== WHAT YOU WILL DO ==
A verbatim transcript of the data that follows, free of images, is the expected result.

== DATA BELOW ==

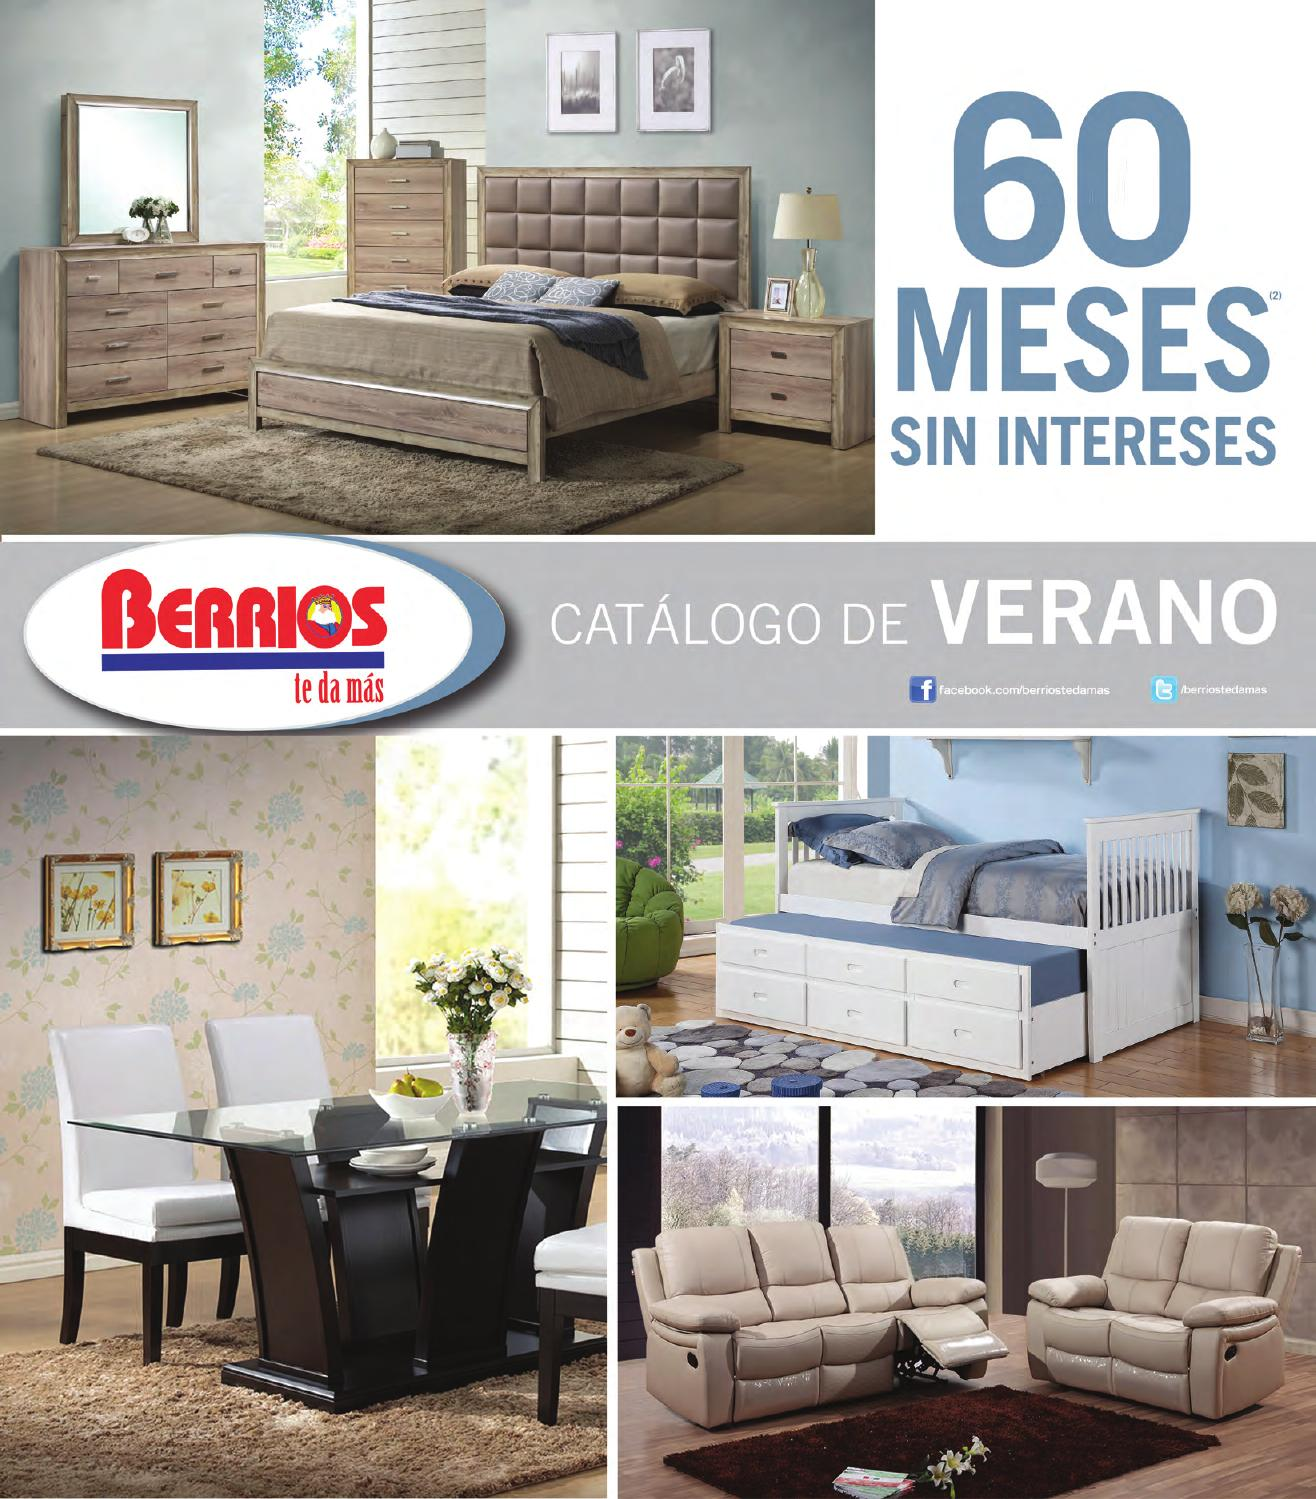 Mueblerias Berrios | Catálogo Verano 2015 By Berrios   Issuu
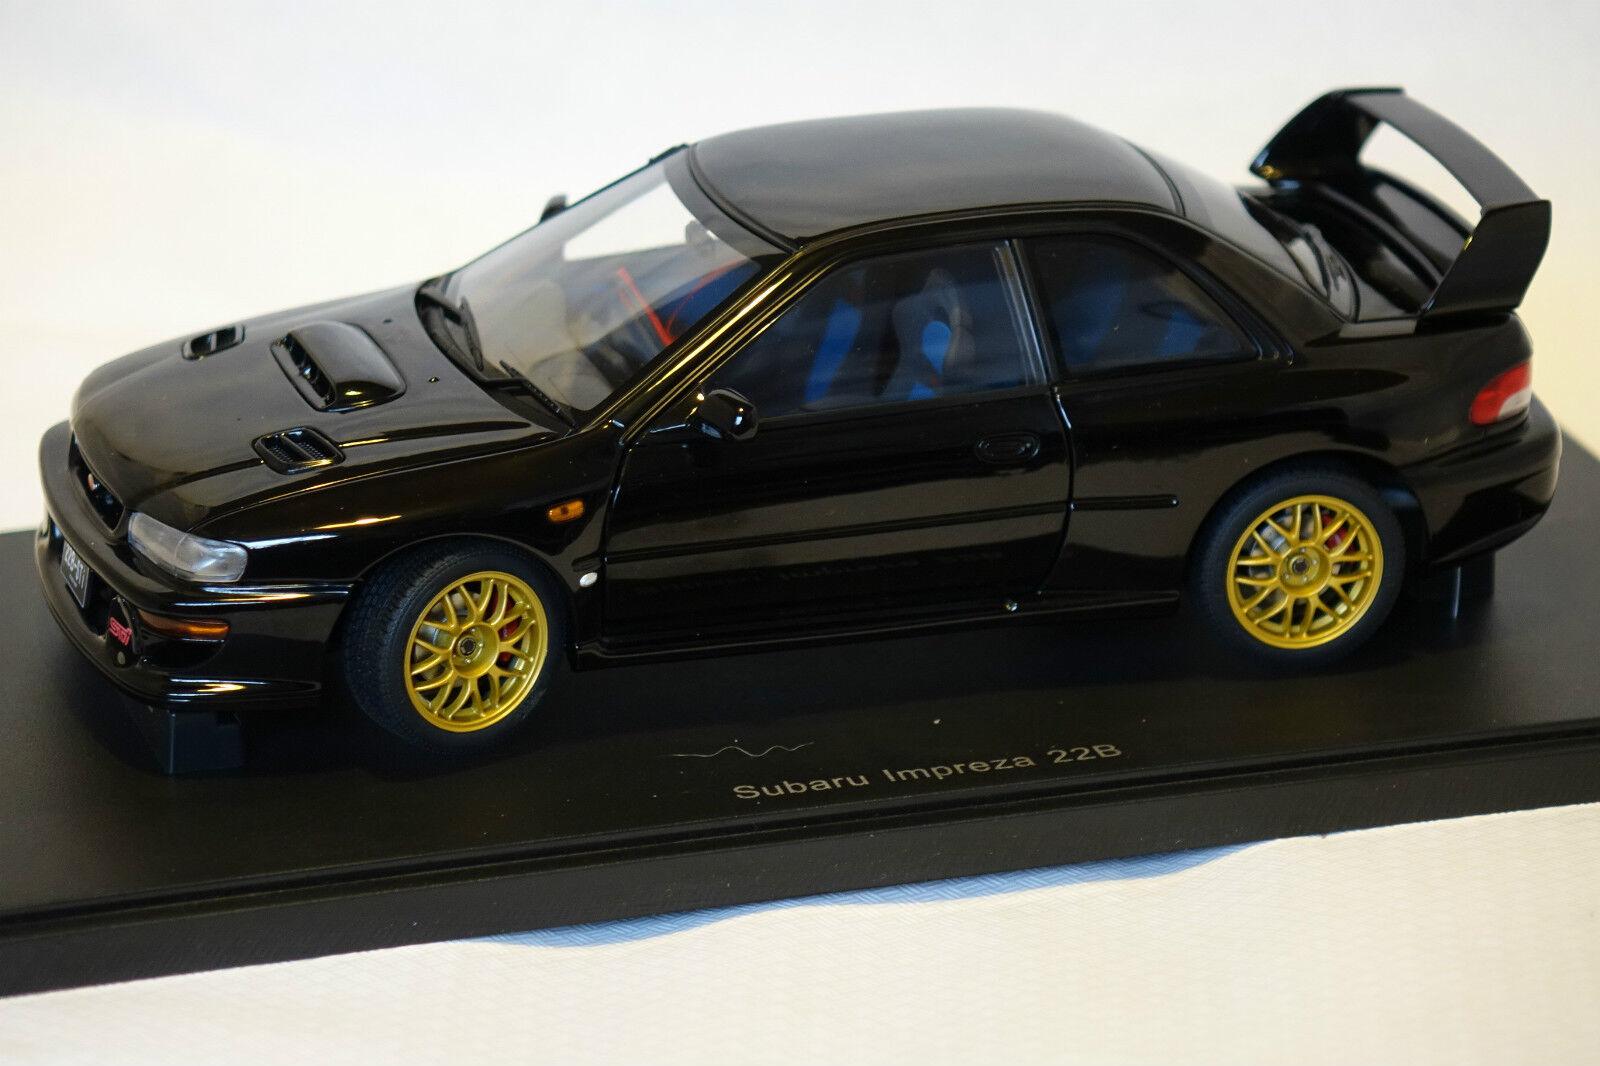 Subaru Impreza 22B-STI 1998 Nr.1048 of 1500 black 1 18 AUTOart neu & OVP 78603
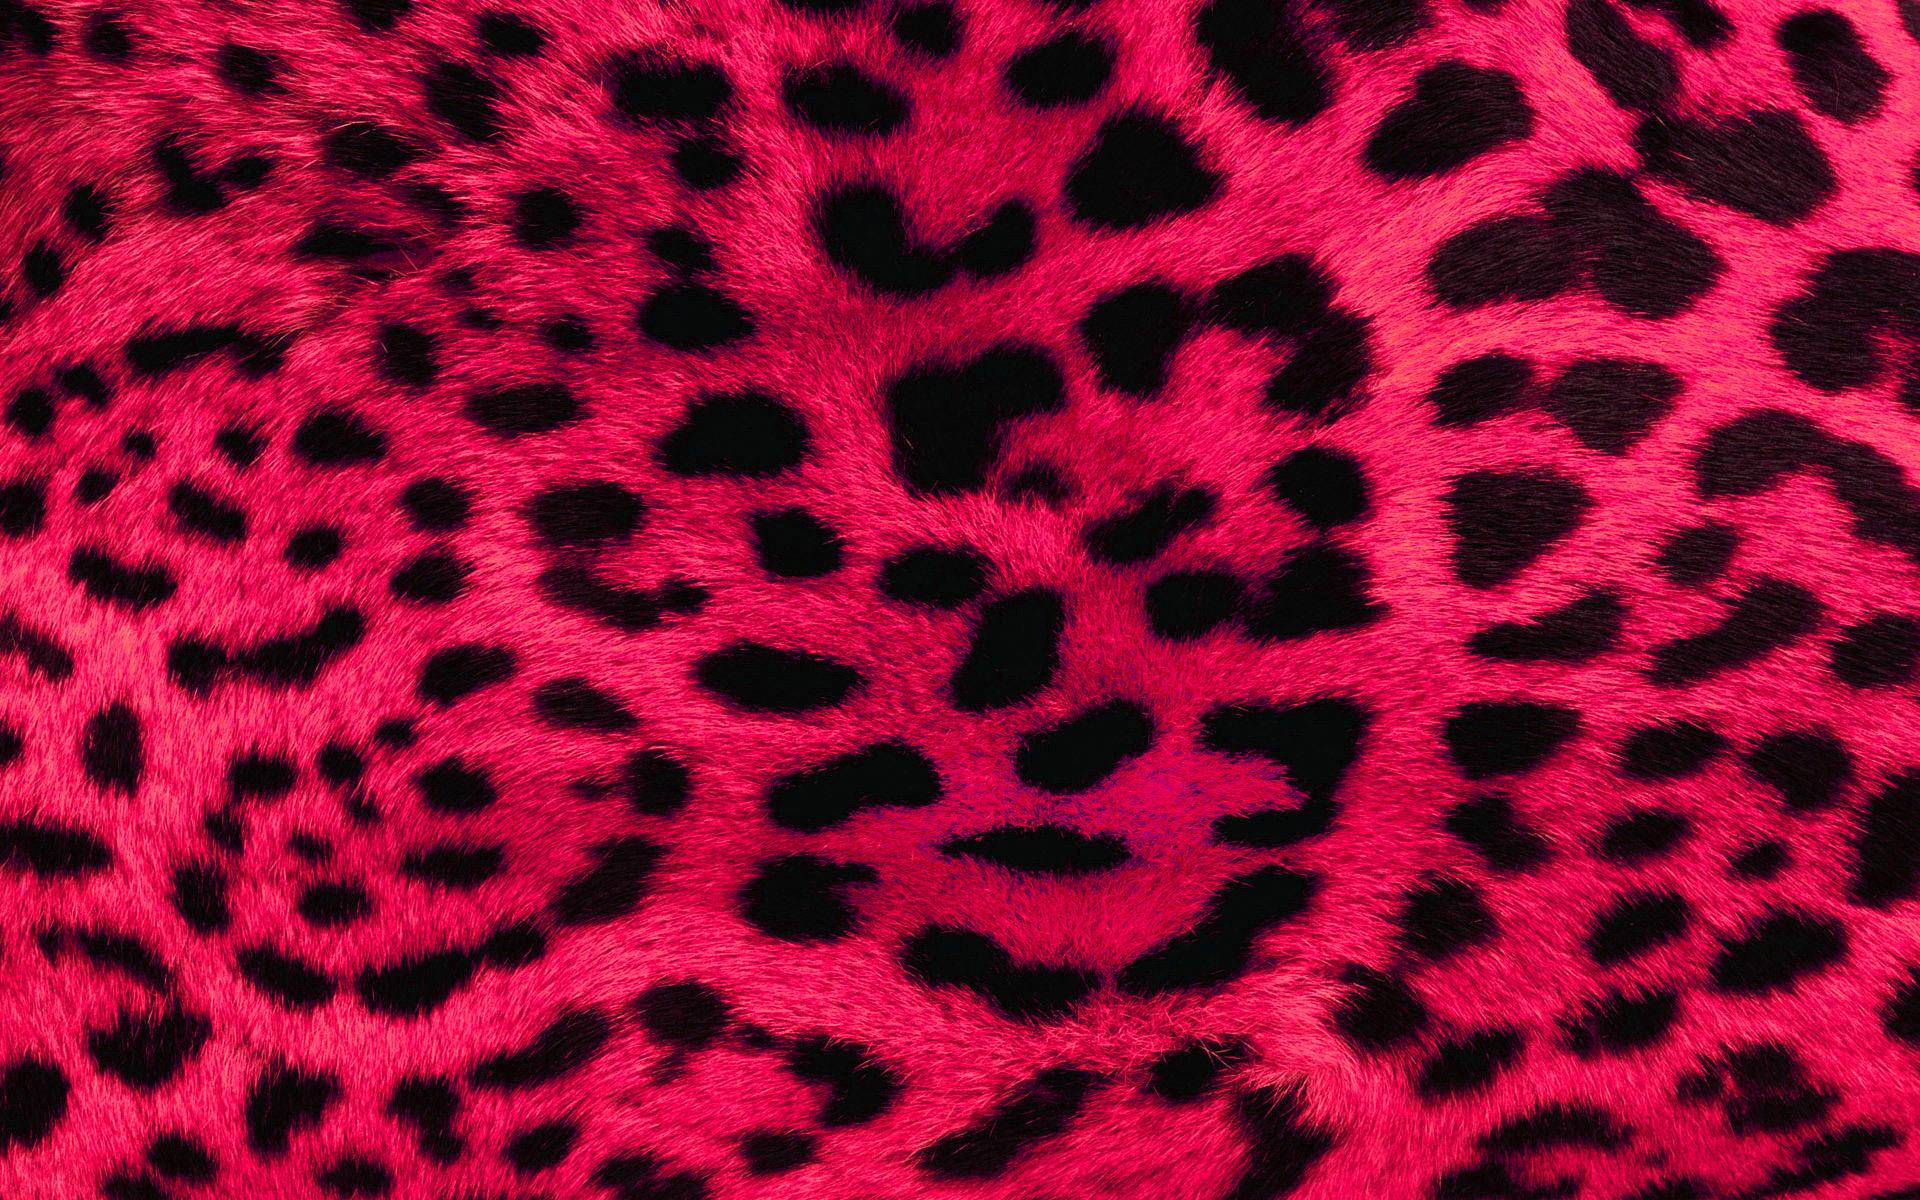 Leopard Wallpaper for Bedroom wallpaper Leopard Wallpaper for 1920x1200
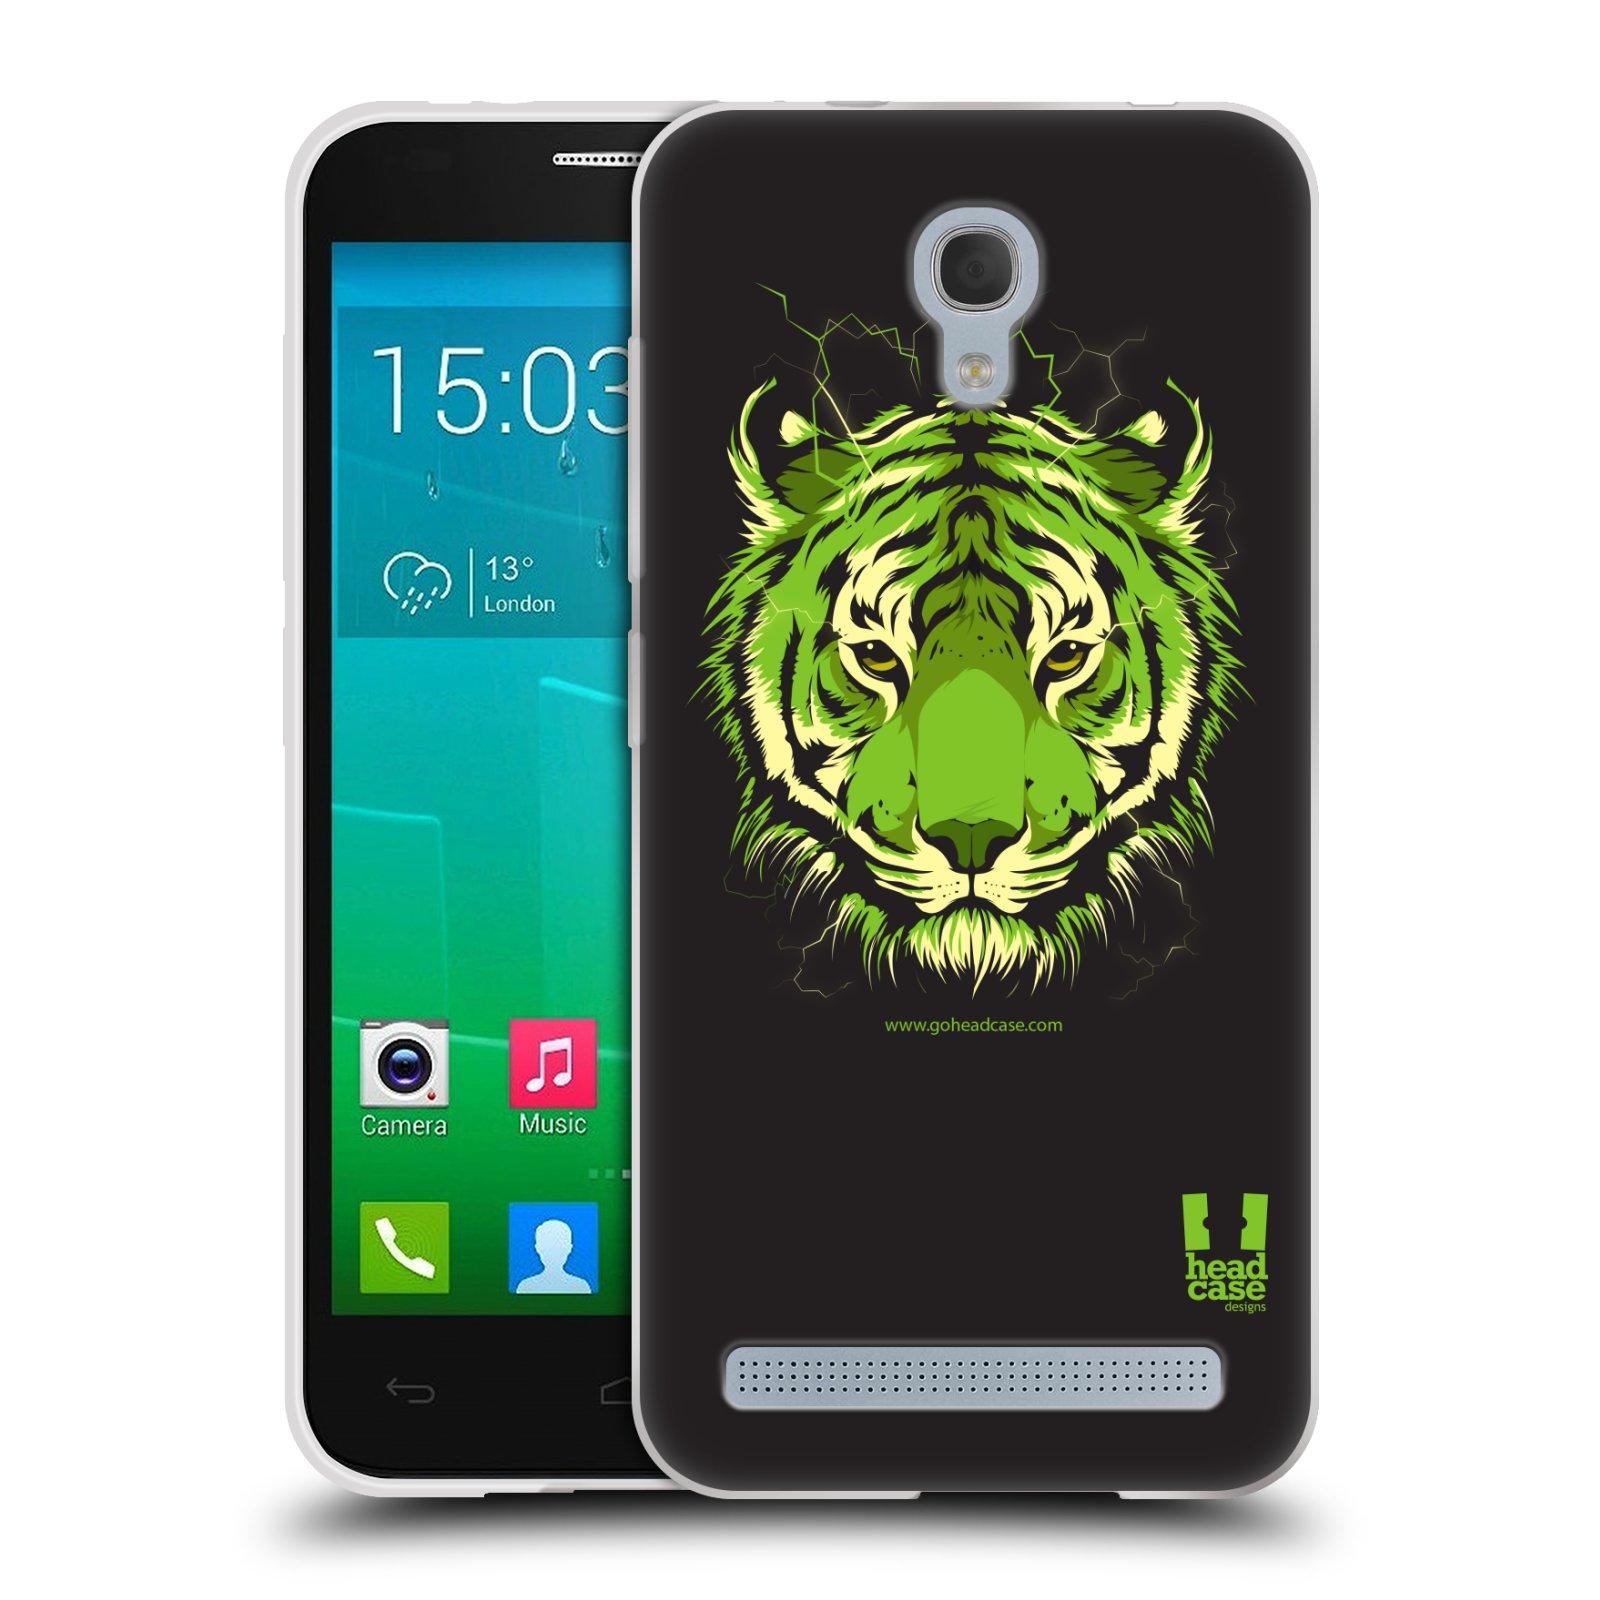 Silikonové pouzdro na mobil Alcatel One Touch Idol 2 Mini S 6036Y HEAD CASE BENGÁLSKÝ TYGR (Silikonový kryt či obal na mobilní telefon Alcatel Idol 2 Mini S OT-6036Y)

== SOLUTION FOR THIS TASK ==
 Mueblerias Berrios | Catálogo Verano 2015 By Berrios   Issuu
 Subaru Impreza 22B-STI 1998 Nr.1048 of 1500 black 1 18 AUTOart neu & OVP 78603
 Leopard Wallpaper for Bedroom wallpaper Leopard Wallpaper for 1920x1200
 Silikonové pouzdro na mobil Alcatel One Touch Idol 2 Mini S 6036Y HEAD CASE BENGÁLSKÝ TYGR (Silikonový kryt či obal na mobilní telefon Alcatel Idol 2 Mini S OT-6036Y)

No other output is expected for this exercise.